**MATERIAL PROVIDED**
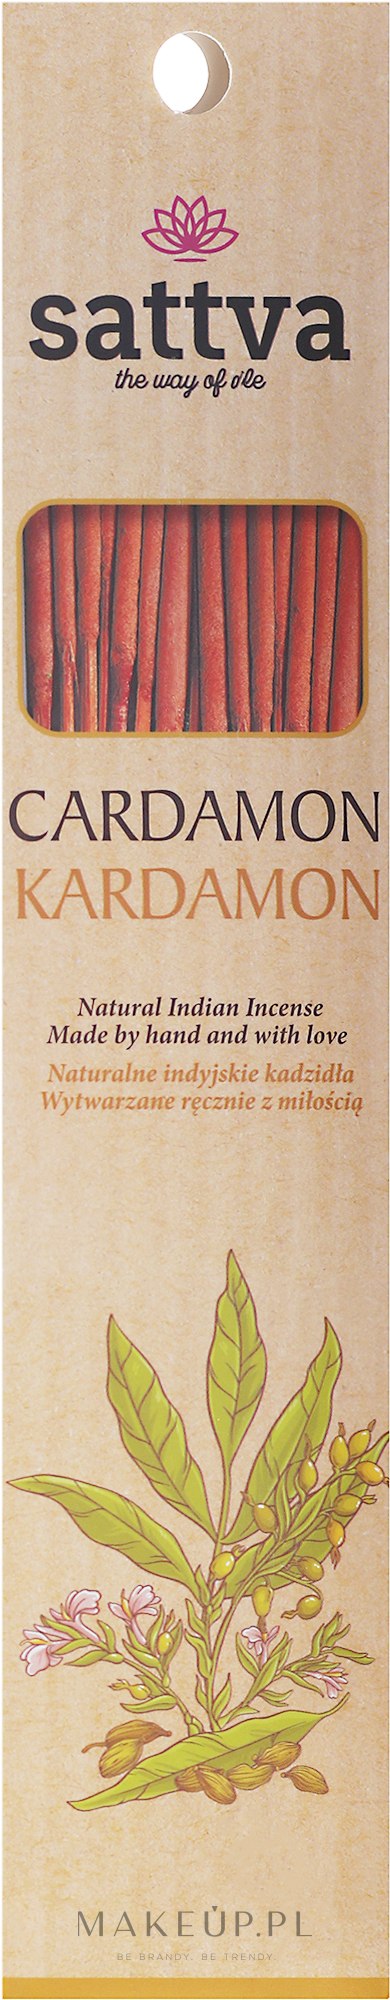 Naturalne indyjskie kadzidła Kardamon - Sattva Kardamon — Zdjęcie 15 szt.
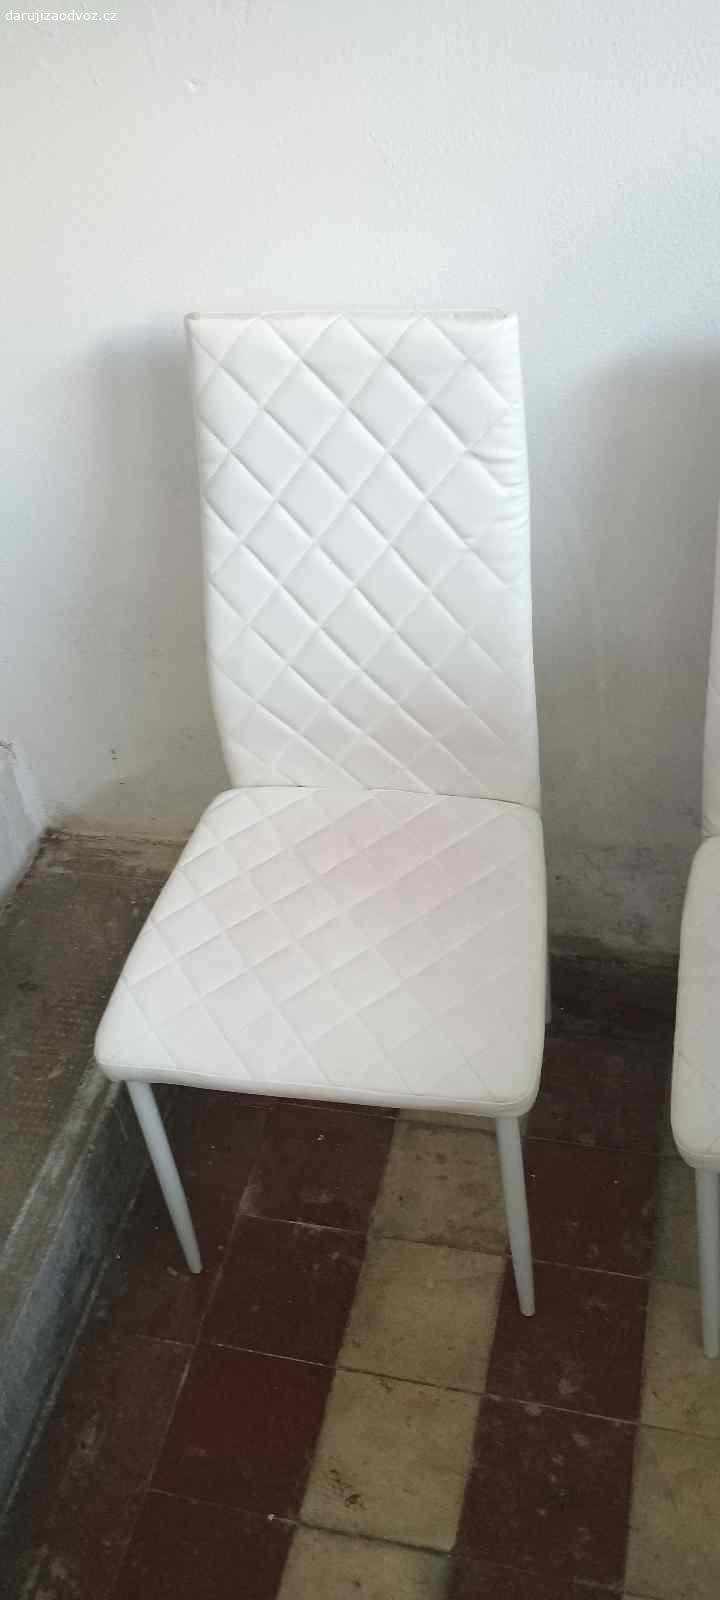 2ks bílých jídelních židlí. Daruji 2ks bílých jídelních židlí z ekokůže - https://www.asko-nabytek.cz/4583709.1-jidelni-zidle-rimini-bila-ekokuze

Jedna je lehce znečištěná od červených šatů (viz foto), možná půjde vyčistit.

**TASK TO COMPLETE**
The whole listing, minus its images, should be repeated exactly.

**WRITTEN ANSWER**
 Naturalne indyjskie kadzidła Kardamon - Sattva Kardamon — Zdjęcie 15 szt.
 2ks bílých jídelních židlí. Daruji 2ks bílých jídelních židlí z ekokůže - https://www.asko-nabytek.cz/4583709.1-jidelni-zidle-rimini-bila-ekokuze

Jedna je lehce znečištěná od červených šatů (viz foto), možná půjde vyčistit.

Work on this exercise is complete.